Exercise: Only one portion of the data is to be written out: from the line bearing "Aeroplane Wreckage at" through the line bearing "Quick Teriyaki Chicken Rice Bowls Quick". Write it exactly as it appears.

Source data:
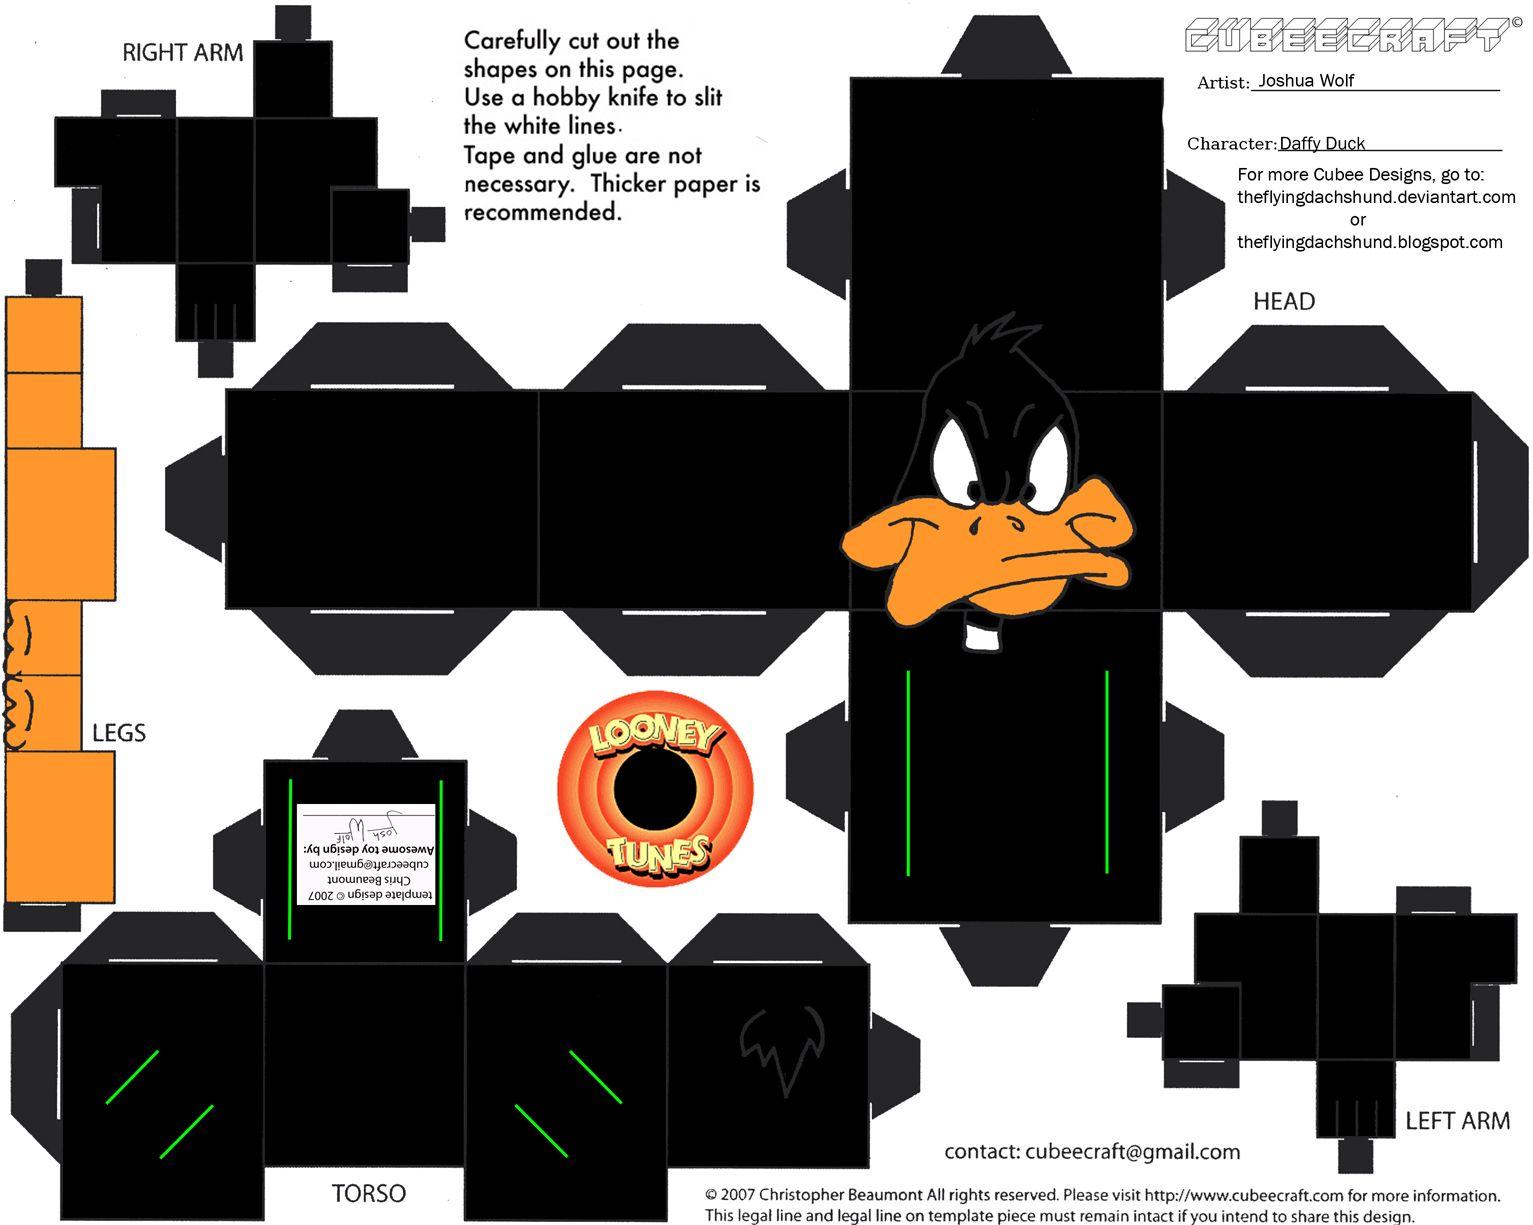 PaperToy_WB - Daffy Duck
* * *
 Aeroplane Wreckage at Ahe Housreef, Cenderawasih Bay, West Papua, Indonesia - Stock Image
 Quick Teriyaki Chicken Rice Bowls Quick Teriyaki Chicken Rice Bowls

Written solution:
 Aeroplane Wreckage at Ahe Housreef, Cenderawasih Bay, West Papua, Indonesia - Stock Image
 Quick Teriyaki Chicken Rice Bowls Quick Teriyaki Chicken Rice Bowls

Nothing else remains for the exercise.